Special Teams A Focus For Buffs During Spring
BOULDER - The University of Colorado football team has been working to improve on many facets of its game during spring ball ? and special teams is certainly no exception. After last year, the Buffaloes have really focused on developing and expanding this crucial unit.
Junior Aric Goodman returns as the Buffs' place kicker, but don't expect this season to be a repeat of last year. Although Goodman struggled, hitting 5-of-14 field goals last season, if he continues to kick as accurately as he's been doing so far this spring, the Buffs can anticipate plenty of extra points on the CU scoreboard next fall.
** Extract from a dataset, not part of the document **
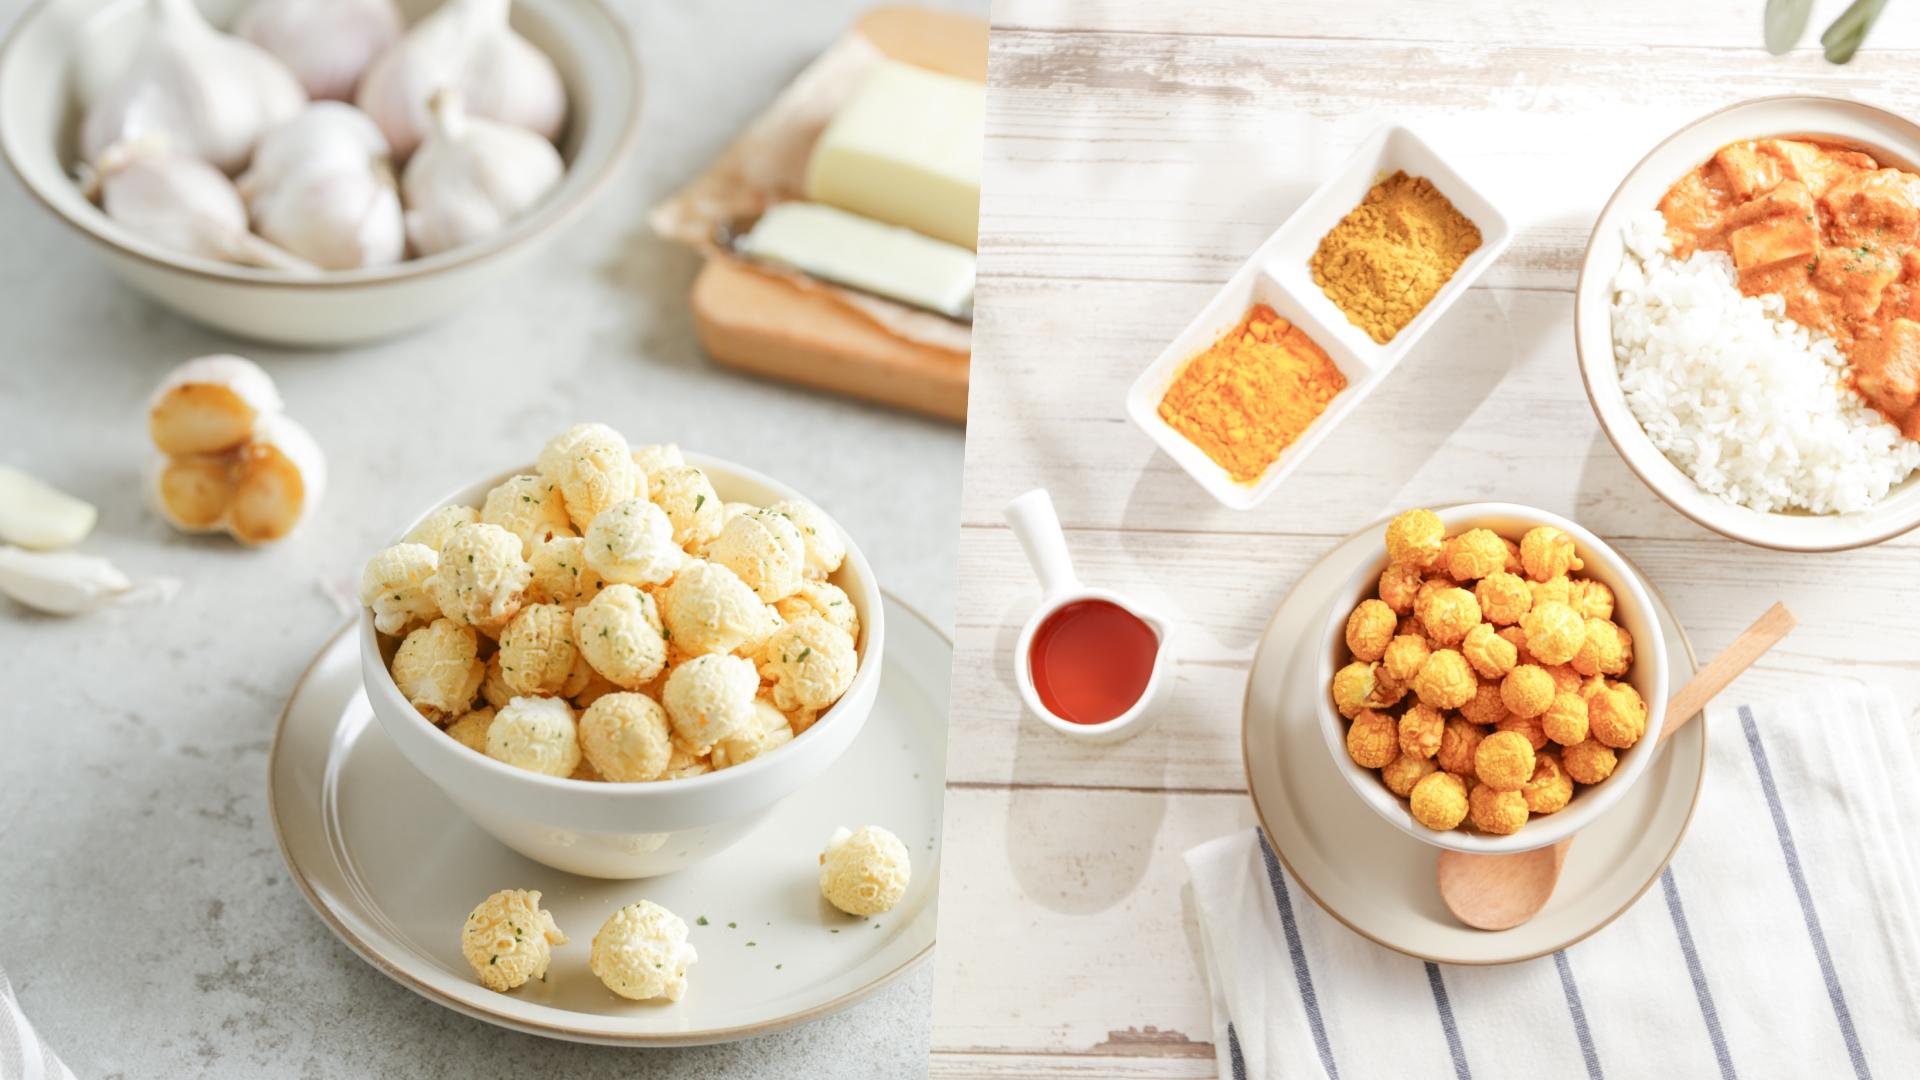 這次的兩款都是專為重口味打造,「薑黃咖哩爆米花」嚴選高雄甲仙薑黃粉,搭配獨家特製的咖哩粉、洋蔥粉等多種香辛料

According to special teams coach Kent Riddle, Goodman's improved a great deal.
"For all of spring practices, he's hit about 90 percent of his kicks," Riddle said. "He's been very good when we're inside the 25-yard line. And that was a huge emphasis for us going in."
Perhaps Goodman's improvement has something to do with his new coach or the new footwork he's using. Goodman has been working with Matt Thompson in the offseason. Thompson himself learned from one of the best as he was coached by a man who worked with current Indianapolis Colts place kicker, four-time Super Bowl champion Adam Vinatieri.
After talking with his coach, Goodman decided that a change in his footwork might help improve his kicking accuracy, so he got rid of a step, changing to a two-step drop instead of a three on field goals. Just like many other kickers who have made this change, Goodman seems to be experiencing success. In the first two spring scrimmages, he nailed 11 field goals out of 15 attempts (.733) and went 6-for-7 on PATs.
"[Taking out a step] shrinks the margin of error a little bit," he said. "It's been pretty effective so far."
Sophomore Darrell Scott is one of the top running backs on the team, but he'll also be a huge factor this year for the Buffs on special teams. Scott has incredible speed and moves as a tailback, but he also has a "cannon for a leg" according to Coach Riddle. That's why he'll be trying his foot as a punter this year.
Scott is a lefty kicker, and he's been trying some of the new rugby style punts where he rolls out the pocket and kicks a line drive, making it difficult for the other team to return.
Having a speedy running back like Scott as a punter gives CU a great threat for Scott to turn around and run with it. So with Scott on the field at say 4th-and-5 or less, he can roll out with the option of running for the first down or punting.
"I'm going to try and be a playmaker," he said.
In addition, Scott's really progressed in terms of his return ability, and according to Coach Riddle: "He's doing a great job catching the ball and really hitting it with confidence."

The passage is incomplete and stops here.